Douglas Rissing
Wall Street on Wednesday waits with bated breath for one of the most pivotal Federal Reserve monetary policy rate decisions in recent history.
The central bank is widely expected to cut its key policy rate for the first time since the COVID-19 pandemic, after having embarked upon one of its most aggressive tightening campaigns in decades over the last two years.
Seeking Alpha takes a look at how Wall Street's benchmark S&P 500 (SP500) index has performed in the one year after the first rate cut in the last six policy-easing cycles. The overall trend saw the gauge post a positive annual return in four of the six time periods.
See below for a chart summarizing the S&P's (SP500) performance:
The following is a timeline of the last six cycles:
Emergency COVID Actions
The Fed cut its federal funds rate by 50 basis points to 1%-1.25% on March 3, 2020, in an emergency unscheduled meeting in response to the pandemic.
"The fundamentals of the U.S. economy remain strong. However, the coronavirus poses evolving risks to economic activity," the Fed had said in a brief statement.
The central bank then delivered another unscheduled cut twelve days later.
The S&P 500 (SP500) advanced a whopping 27.18% in the year from March 3, 2020, to March 3, 2021.
"Mid-cycle Adjustment"
The Fed cut its federal funds rate by 25 basis points to 2%-2.25% on July 31, 2019.
"This action supports the Committee’s view that sustained expansion of economic activity, strong labor market conditions, and inflation near the Committee’s symmetric 2 percent objective are the most likely outcomes, but uncertainties about this outlook remain," the Fed had said in a statement.
The central bank delivered two more rate cuts on September 18, 2019, and October 30, 2019, in what Fed chief Jerome Powell called a "mid-cycle adjustment."
The S&P 500 (SP500) climbed 9.76% in the year from July 31, 2019, to July 31, 2020.
The Great Recession
In an unprecedented move at that time, major global central banks including the Fed moved together to reduce interest rates to stimulate a flagging world economy.
The Fed in an unscheduled meeting cut its federal funds rate by 50 basis points to 1.5% on October 8, 2008.

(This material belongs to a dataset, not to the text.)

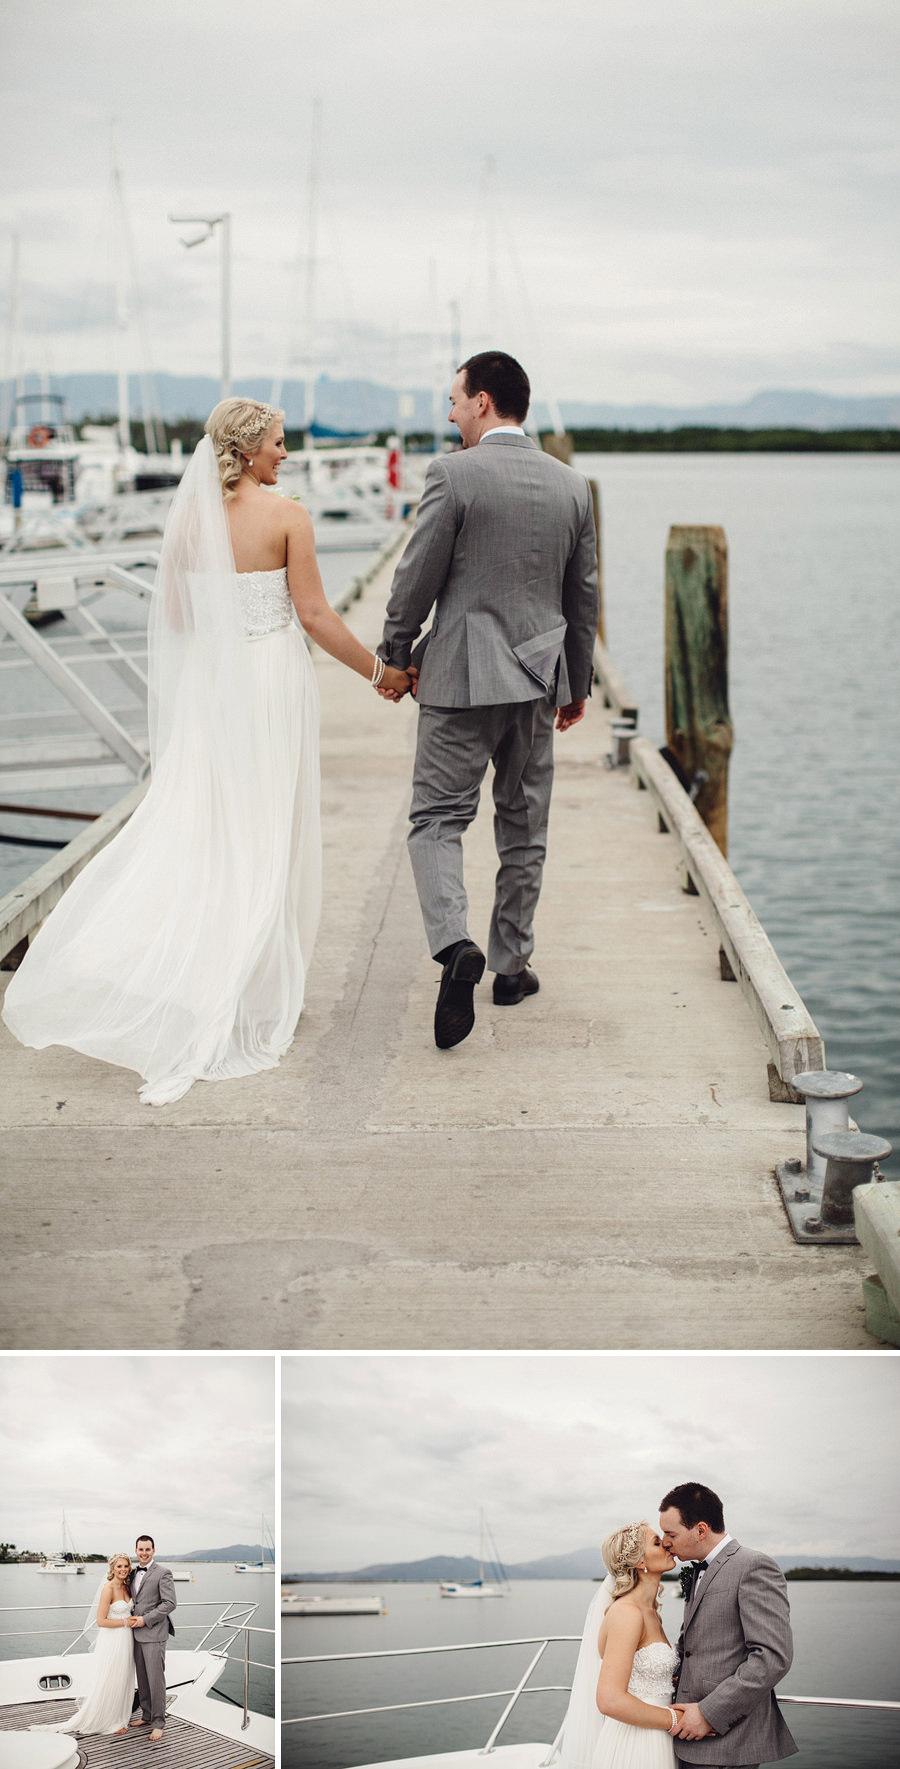 Port Denarau Wedding Photographer: Bride & Groom portraits

"Throughout the current financial crisis, central banks have engaged in continuous close consultation and have cooperated in unprecedented joint actions such as the provision of liquidity to reduce strains in financial markets," the Fed had said in a joint statement with the Bank of Canada, the Bank of England, the European Central Bank, Sveriges Riksbank, and the Swiss National Bank.
The Fed delivered two more rate cuts on October 29, 2008, and December 16, 2008.
The S&P 500 (SP500) added 8.18% in the year from October 8, 2008, to October 8, 2009.
Housing Market Collapse
The Fed cut its federal funds rate by 50 basis points to 4.75% on September 18, 2007, in response to the infamous U.S. housing bubble and the effects of its collapse on the economy.
"Economic growth was moderate during the first half of the year, but the tightening of credit conditions has the potential to intensify the housing correction and to restrain economic growth more generally. Today’s action is intended to help forestall some of the adverse effects on the broader economy that might otherwise arise from the disruptions in financial markets and to promote moderate growth over time," the Fed had said in a statement.
The Fed continued to cut rates until April 2008.
The S&P 500 (SP500) crashed 20.61% in the year from September 18, 2007, to September 18, 2008.
Sputtering Economy
The Fed cut its federal funds rate by 50 basis points to 1.25% on November 6, 2002.
"Incoming economic data have tended to confirm that greater uncertainty, in part attributable to heightened geopolitical risks, is currently inhibiting spending, production, and employment. Inflation and inflation expectations remain well contained. In these circumstances, the Committee believes that today's additional monetary easing should prove helpful as the economy works its way through this current soft spot," the Fed had said in a statement.
The central bank delivered another rate cut in June 2003.
The S&P 500 (SP500) rose 14.54% in the year from November 6, 2002, to November 6, 2003.
Dot-com Crash, 9/11
The Fed cut its federal funds rate by 50 basis points to 6% on January 3, 2001.
"These actions were taken in light of further weakening of sales and production, and in the context of lower consumer confidence, tight conditions in some segments of financial markets, and high energy prices sapping household and business purchasing power. Moreover, inflation pressures remain contained. Nonetheless, to date there is little evidence to suggest that longer-term advances in technology and associated gains in productivity are abating," the Fed had said in a statement.
The central bank kept reducing rates through the rest of the year, as the economy sputtered in the aftermath of the internet boom that began in the late-1990s and its subsequent blowup that peaked in 2000.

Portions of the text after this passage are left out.